PDS Biotechnology Corporation (NASDAQ:PDSB) Q1 2026 Earnings Call Transcript

PDS Biotechnology Corporation (NASDAQ:PDSB) Q1 2026 Earnings Call Transcript May 13, 2026

PDS Biotechnology Corporation beats earnings expectations. Reported EPS is $-0.13, expectations were $-0.15.

Operator: Greetings, and welcome to the PDS Biotech First Quarter 2026 Earnings Conference Call. [Operator Instructions] It is now my pleasure to introduce your host, [ Dean Schwartz ]. Thank you. You may begin.

Unknown Attendee: Thank you, operator. Good morning, everyone, and welcome to PDS Biotech’s First Quarter 2026 Results and Clinical Programs update call. I’m joined on the call today by the following members of the company’s management team: Dr. Frank Bedu-Addo, Chief Executive Officer; Dr. Kirk Shepard, Chief Medical Officer; and Lars Boesgaard, Chief Financial Officer. Dr. Bedu-Addo and Dr. Shepard will provide an overview of the company’s recent highlights in its clinical development program, and Mr. Boesgaard will review the financial results for the quarter ended March 31, 2026. Following management’s prepared remarks, we will take questions from covering analysts. As a reminder, during this call, we will be making forward-looking statements, which are subject to various risks and uncertainties that could cause our actual results to differ materially from these statements.

Any such statements should be considered in conjunction with cautionary statements in our press releases and risk factors discussed in our filings with the SEC, including our quarterly reports on Form 10-Q and annual report on Form 10-K and cautionary statements made during this call. We assume no obligation to update any of these forward-looking statements or information. Now I’d like to turn the call over to Dr. Bedu-Addo. Frank?

Frank Bedu-Addo: Thank you, Dean, and good morning, everyone. It’s our pleasure to speak with you again and to provide this brief update on our progress in advancing our clinical programs. This past quarter, our major focus was on advancing our clinical programs and we made significant progress. So I will hand the call over to our Chief Medical Officer, Dr. Kirk Shepard, to provide an update. Kirk?

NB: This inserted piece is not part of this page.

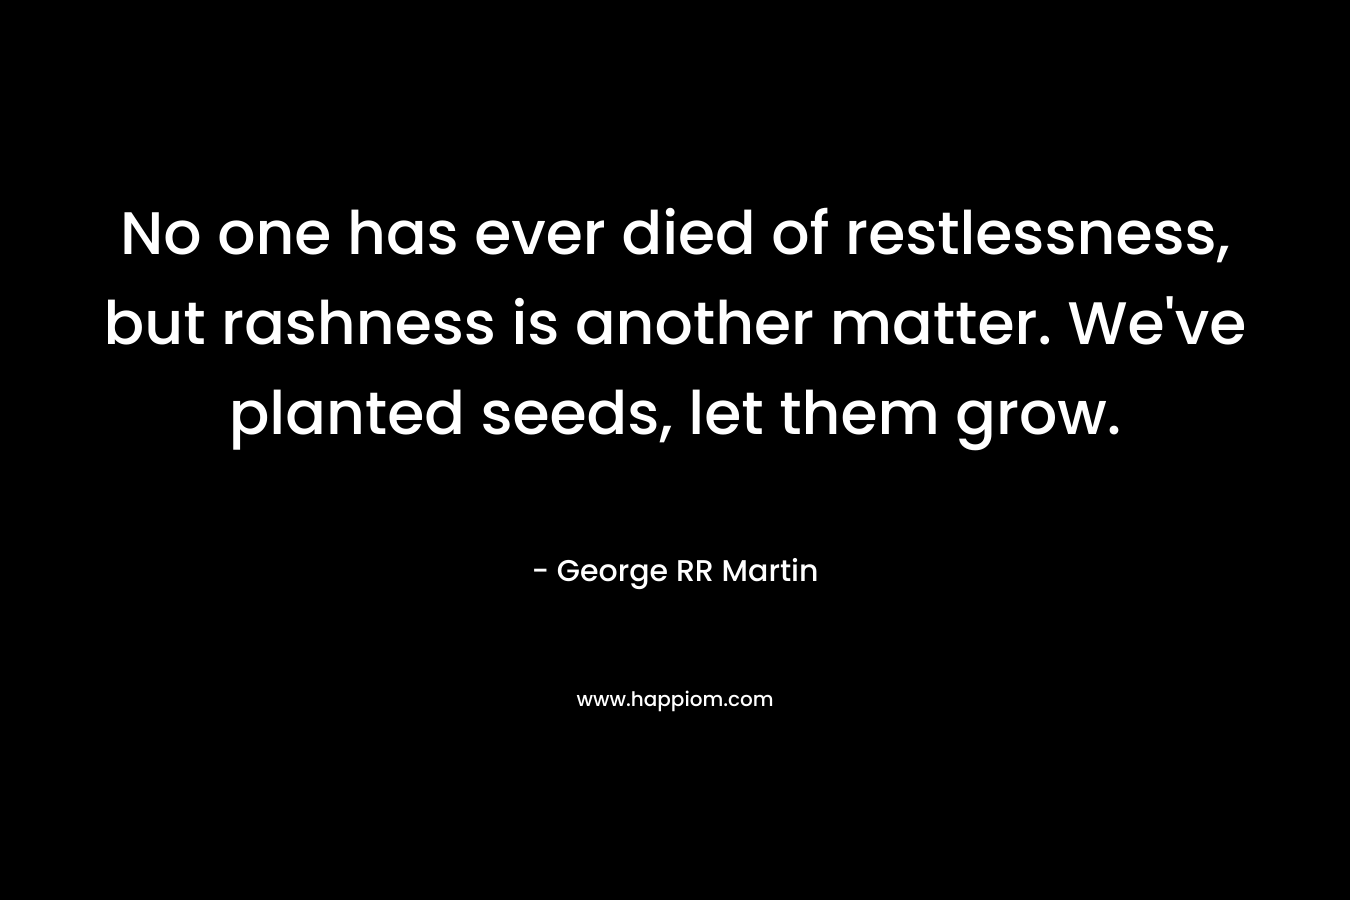 No one has ever died of restlessness, but rashness is another matter. We've planted seeds, let them grow.

Kirk Shepard: Thank you, Frank. During our first quarter, we adopted an amendment to our VERSATILE-003 trial, revising the design to incorporate progression-free survival as an interim primary endpoint which we believe has the potential to enable a more efficient path to accelerated approval. We also believe this amendment may shorten the trial’s duration and reduce the overall costs, all while retaining overall survival as a basis for full approval in accordance with FDA requirements. Additionally, this approach may also accelerate the availability of this promising treatment to the rapidly growing population of HPV16-positive patients in dire need of effective treatment. For patients living with HPV16-positive head and neck cancer, a disease with significant and growing unmet need, we believe PDS0101 represents a promising treatment option, and we remain focused on advancing it as efficiently as possible.

PDS0101 in combination with KEYTRUDA or pembrolizumab is the only late-stage investigational head and neck squamous cell carcinoma therapy that requires only 5 doses and also the only subcutaneous therapy. These characteristics of PDS0101, together with the tolerability and survival data reported to date, make PDS0101 a potential compelling option for these patients. Key opinion leaders at institutions such as Mayo Clinic, Dana-Farber and Yale Cancer Institute are involved in our trial. HPV16-positive cancers are rapidly increasing in the U.S. and EU due to poor uptake of the human papillomavirus vaccine and other factors. Along with the unique pathophysiology of HPV16 cancers and the absence of approved targeted therapies, there is a significant unmet need we believe that PDS0101 is uniquely positioned to address.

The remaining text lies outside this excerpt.